_What is needed:_
Only the pictures are to be dropped; return all other data below exactly.

_Information provided:_

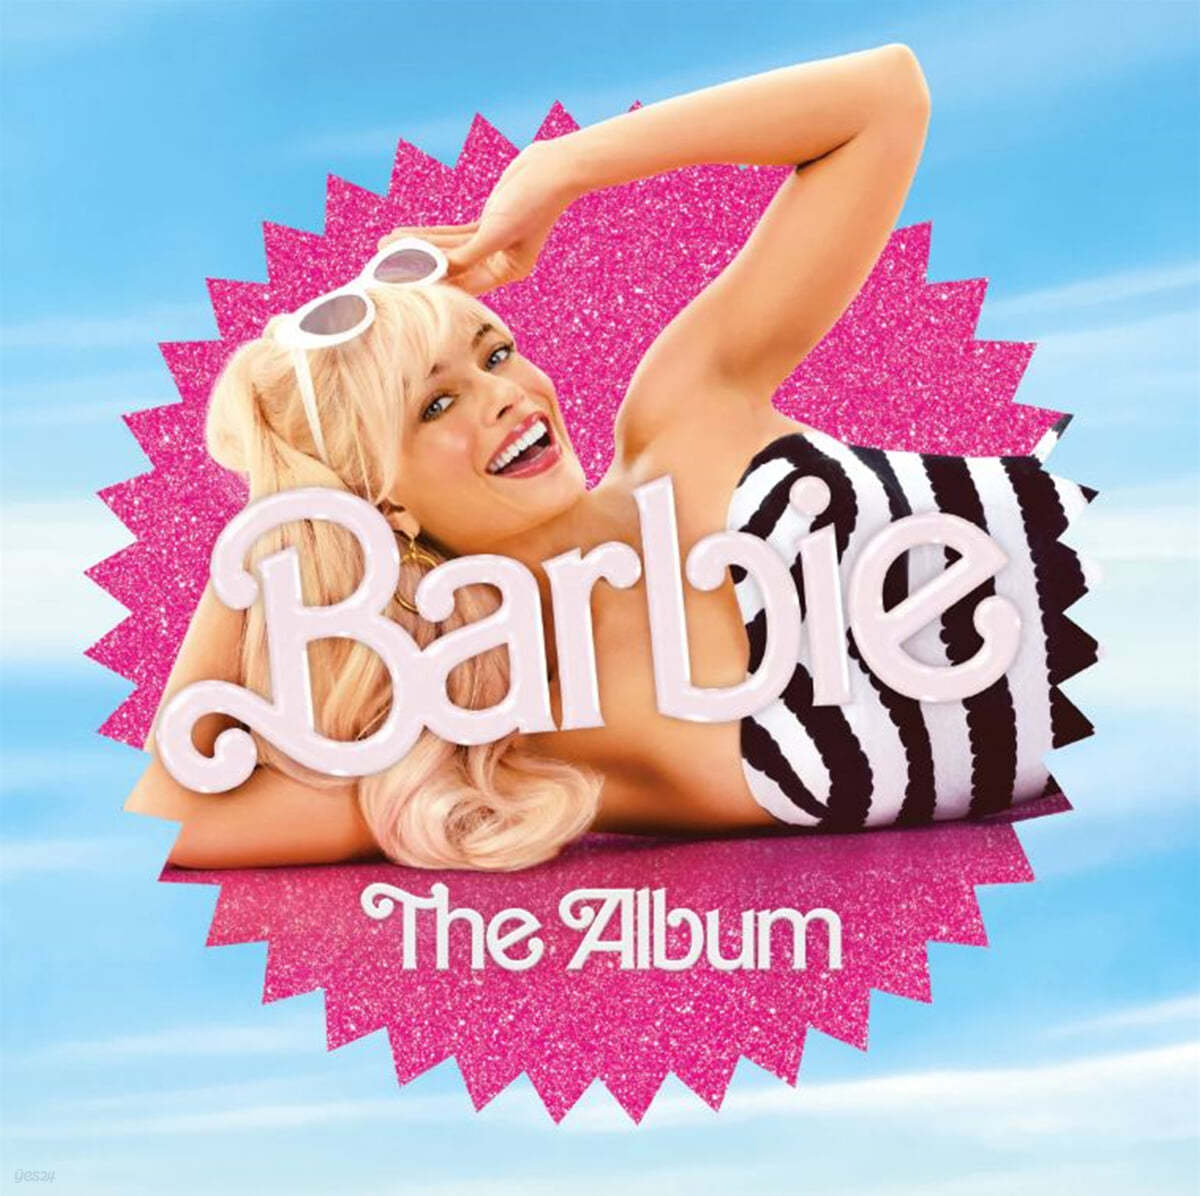 바비 영화음악 (Barbie The Album OST) 
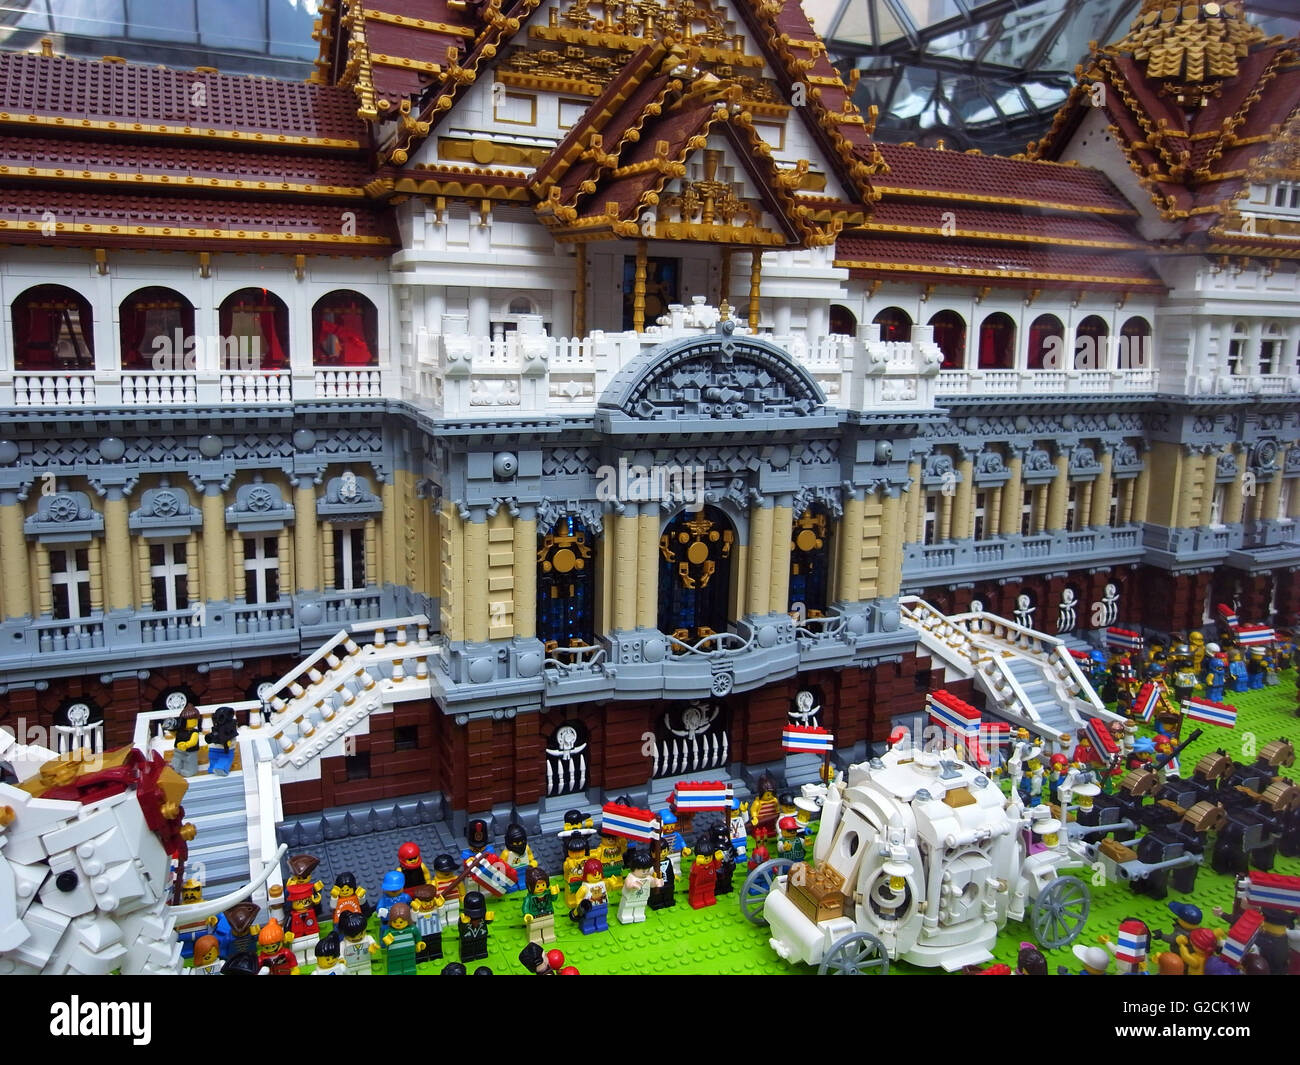 Modello di Lego Thailandia paesaggio tempio edificio tradizionale antica Santa Casa Imperial palace toy divertimento diurno white elephant persone Foto Stock
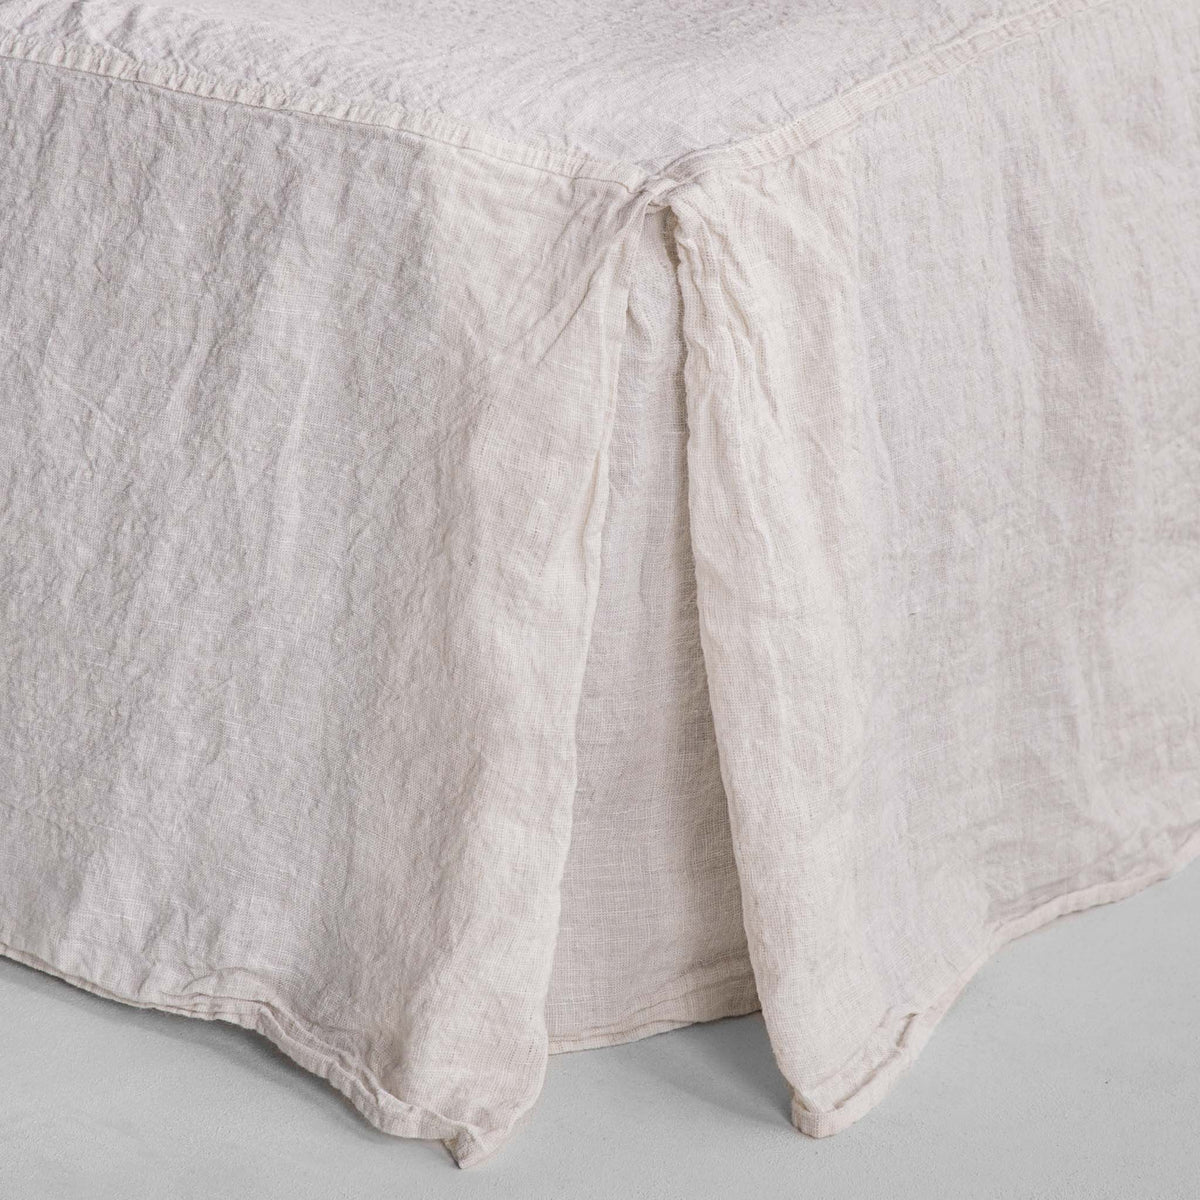 Basix Linen Bed Skirt/Valance - Petra
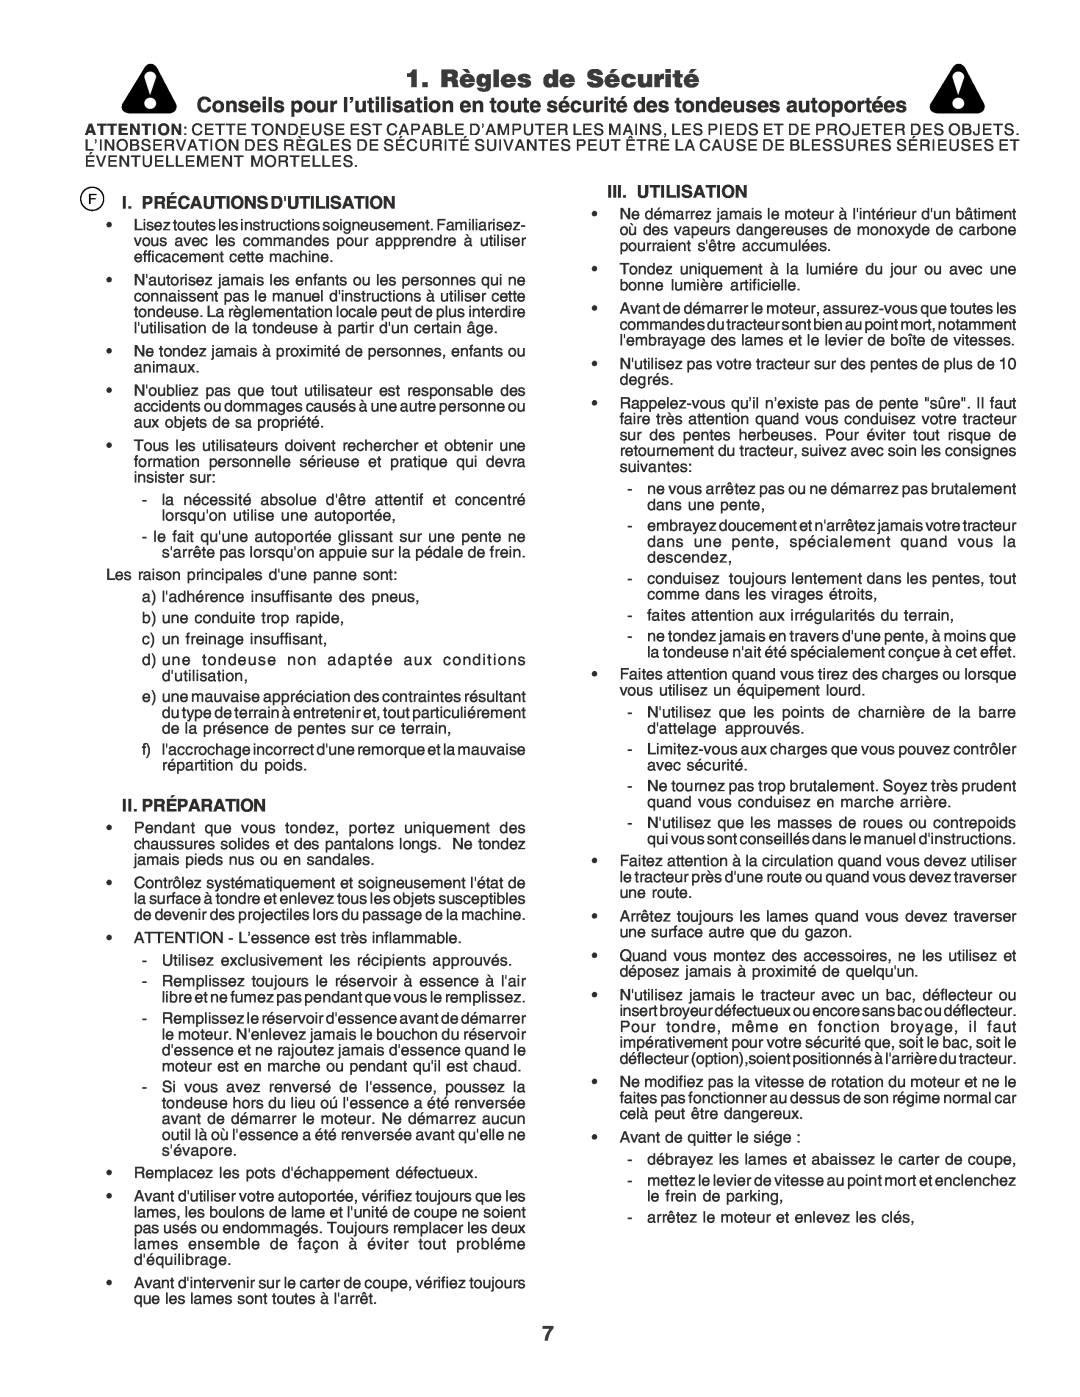 Husqvarna YT155 instruction manual 1. Règles de Sécurité, F I. Précautions Dutilisation, Ii. Préparation, Iii. Utilisation

_Solution to the problem:_
 바비 영화음악 (Barbie The Album OST) 
 Modello di Lego Thailandia paesaggio tempio edificio tradizionale antica Santa Casa Imperial palace toy divertimento diurno white elephant persone Foto Stock
 Basix Linen Bed Skirt/Valance - Petra
 Husqvarna YT155 instruction manual 1. Règles de Sécurité, F I. Précautions Dutilisation, Ii. Préparation, Iii. Utilisation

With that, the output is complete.